Index Terms — MHI, MFH, KNN, SVM, Human activity 
recognition 

I. INTRODUCTION 

Human activity recognition and feature extraction is an 
important area of computer vision research. To recognition 
the human action from the original video is problematic 
because it take more space and time. So firstly we compressed 
the video without any loss of information, it is simply convert 
the large space video into small space video. In the recent 
past, we reported a technique for human action recognition 
from the compressed video using Hidden Markov Model 
(HMM) [1], The time series is used for training the HMM 
which is directed extracted.

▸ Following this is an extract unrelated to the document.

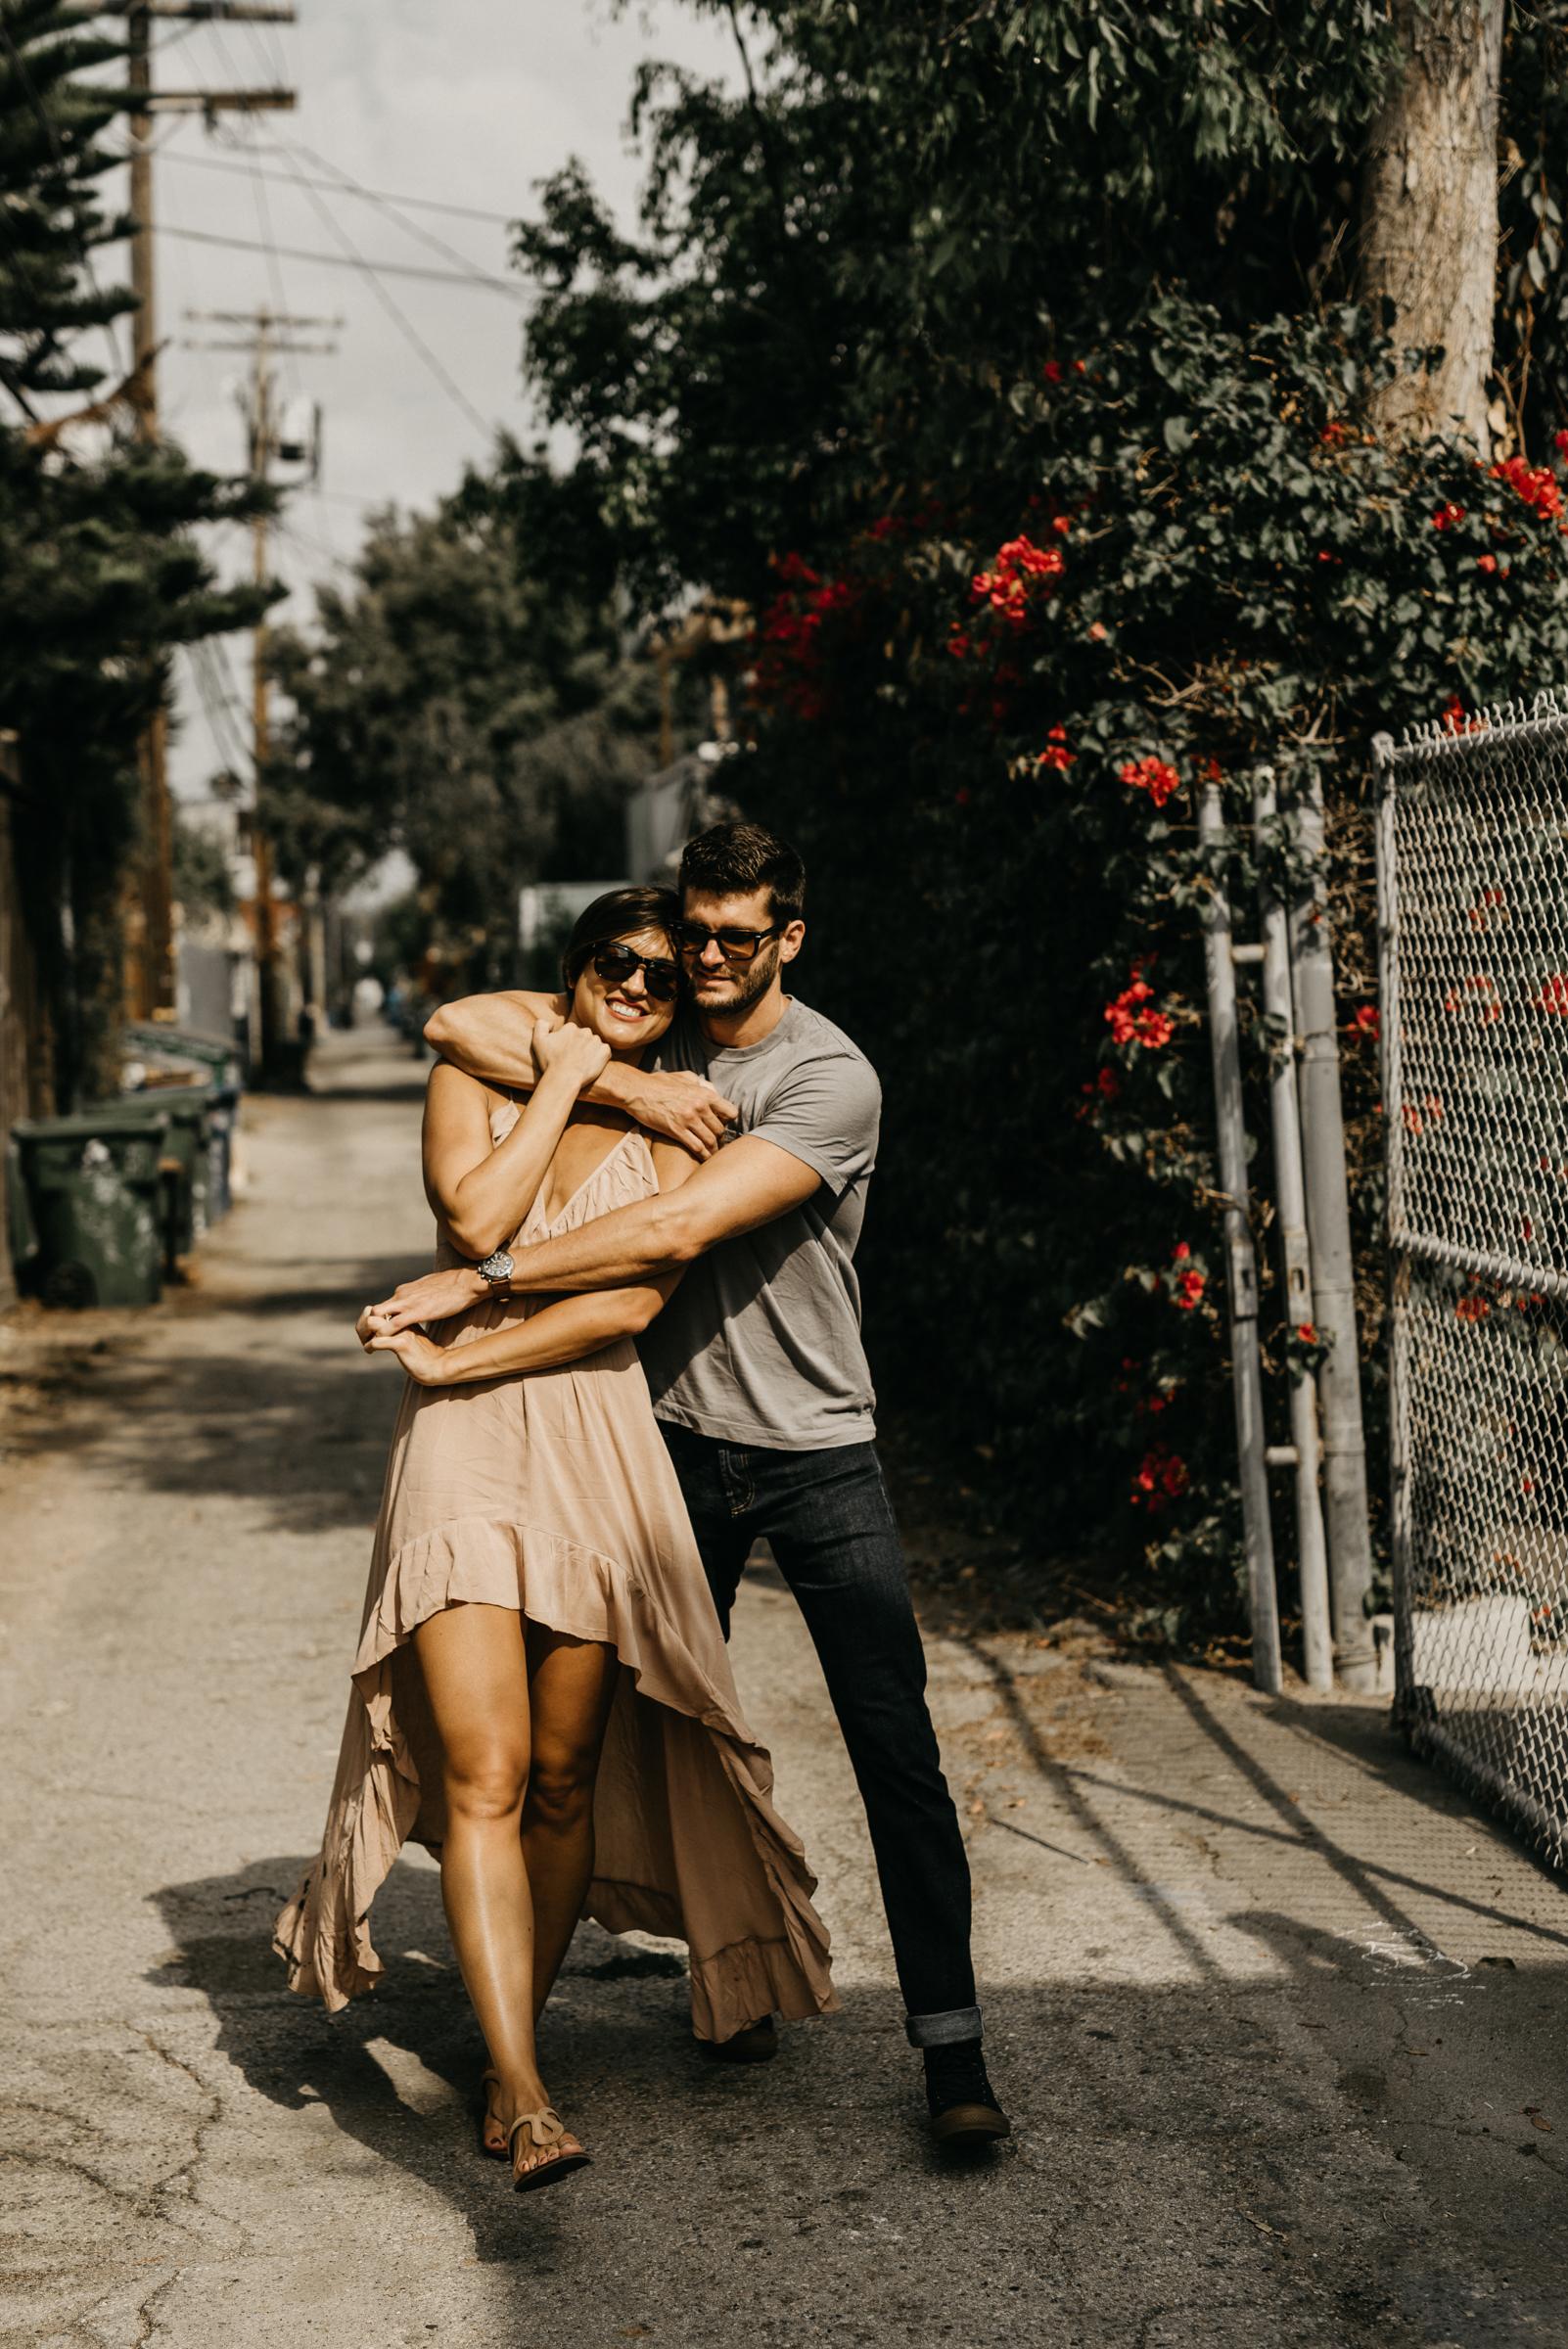 Isaiah + Taylor Photography - Venice Beach & Santa Monica Engagement Session, Los Angeles Wedding Photographer-038.jpg

The extracted time features are 
not suitable for other efficient classifier such as k-nearest 
neighbour (KNN), Neural Network, SVM and Bayes. 

In this review paper we offered a technique for building 
coarse motion history image (MHI) and motion flow history 
(MFH) from the compressed video and extract features from 
these static motion history information for characterizing 
human action. The MHI gives the temporal information of 
the motion at the image plane, whereas MFH quantify the 
motion at the image plane. The feature extracted from MHI 
and MFH were used to train the KNN, Bayes, Neural 
Network, SVM classifiers for recognition the human action. 
These technique signify the human action in a very 
compacted manner. This work is motivated by a technique 
proposed by Davis and Bobick [2] where a view-based 
approach is used to recognize actions. They are presented a 
method for recognized of temporal templates. These 
techniques are used only for simple human based action 
recognition. The ability to identify complex human activities 
from videos define some important applications.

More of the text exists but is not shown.